## GIVEN DATA
>>>
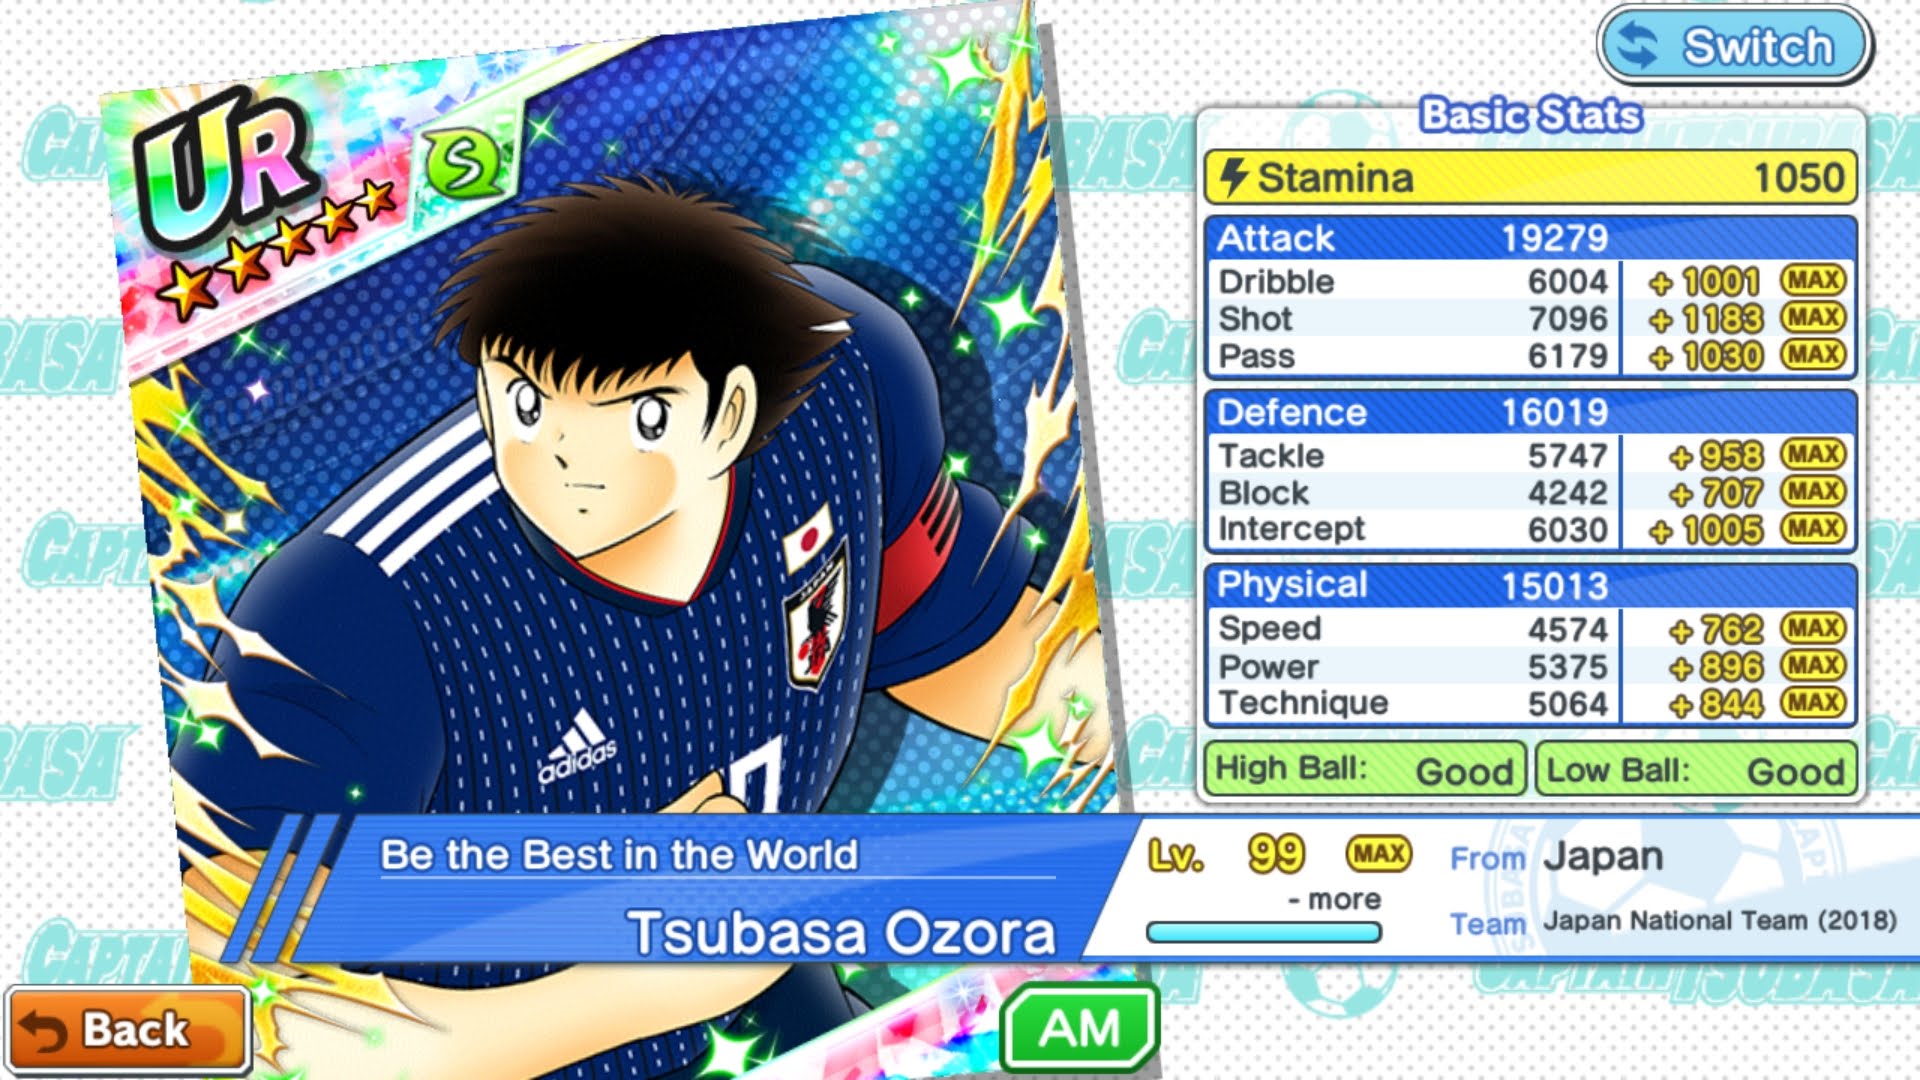 Captain Tsubasa: Dream Team - Tuyển Nhật phiên bản World Cup 2018 đáng sợ ra sao?
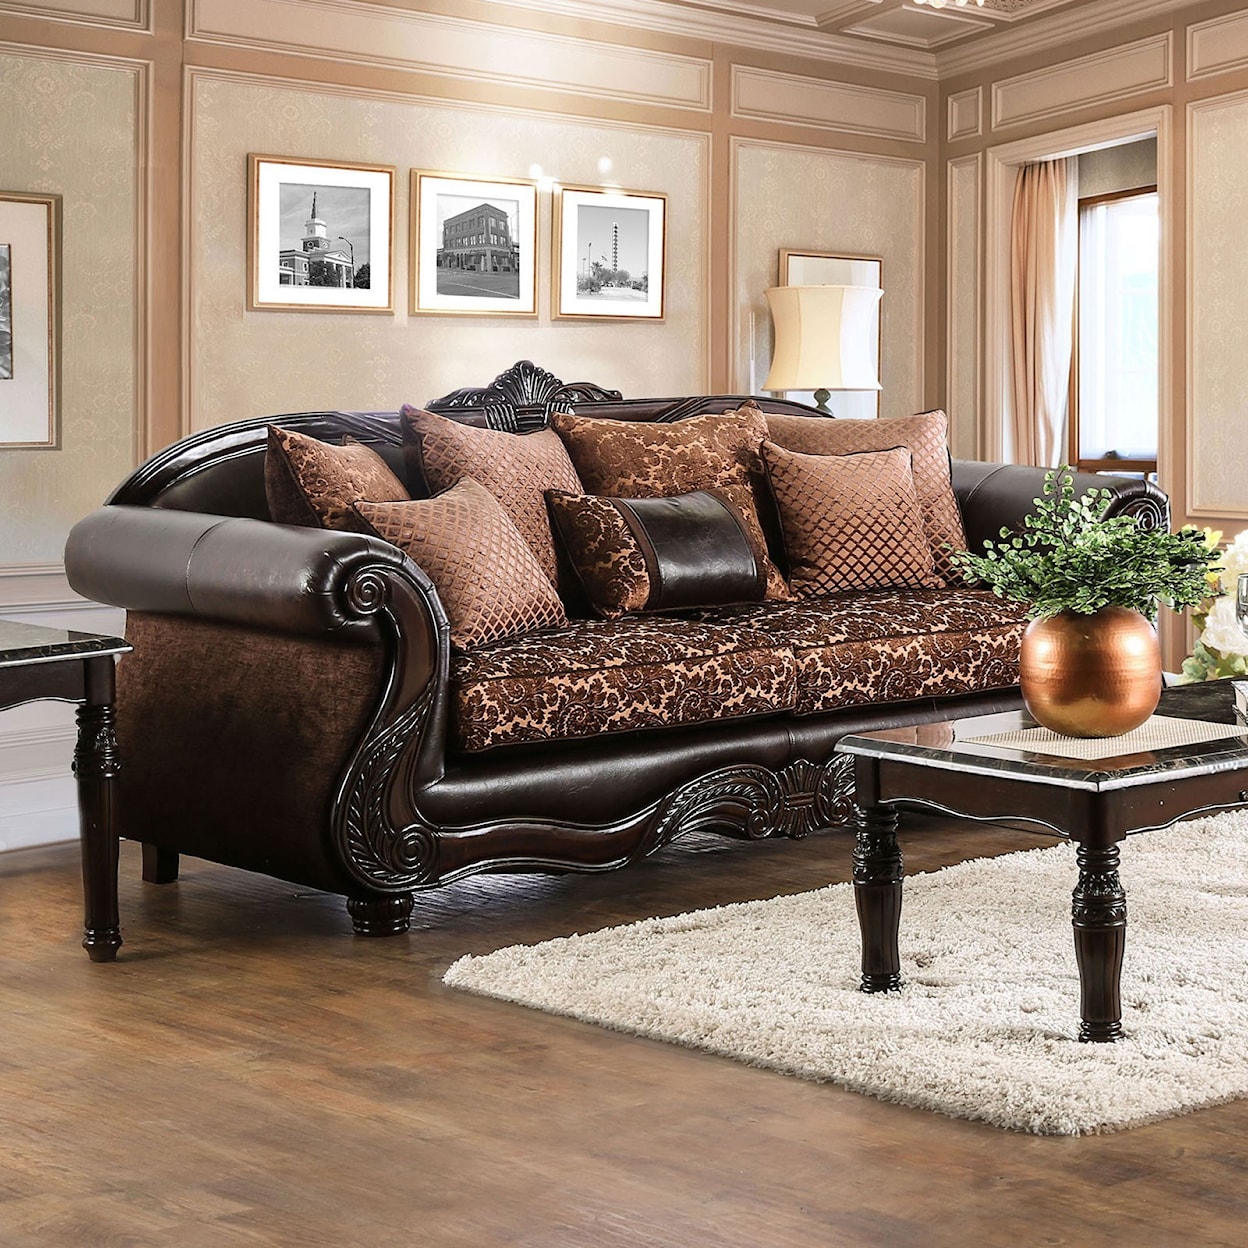 Furniture of America Elpis Sofa
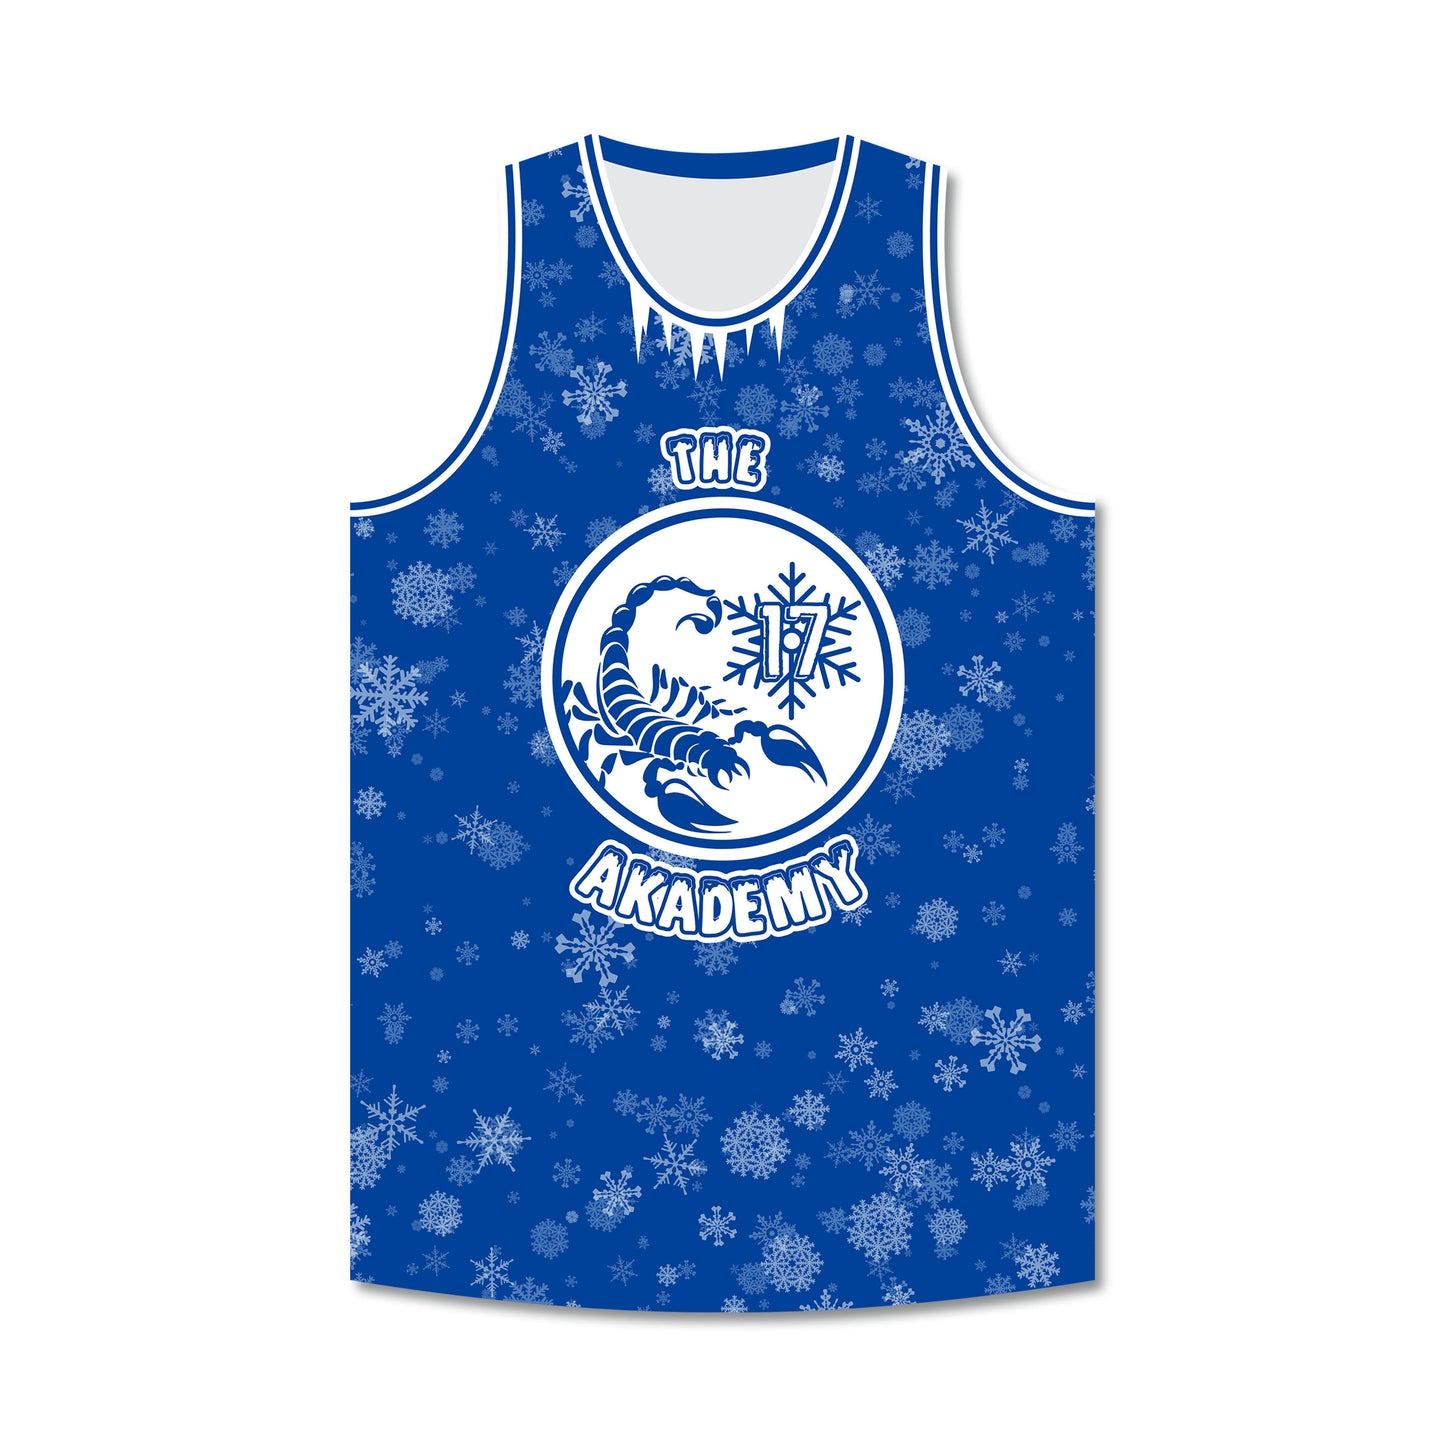 The Akademy Christmas Basketball Jersey
<<<
## EXERCISE GOAL
Could you reproduce the listing above exactly and drop every picture?

## SOLUTION
 Captain Tsubasa: Dream Team - Tuyển Nhật phiên bản World Cup 2018 đáng sợ ra sao?
 Furniture of America Elpis Sofa
 The Akademy Christmas Basketball Jersey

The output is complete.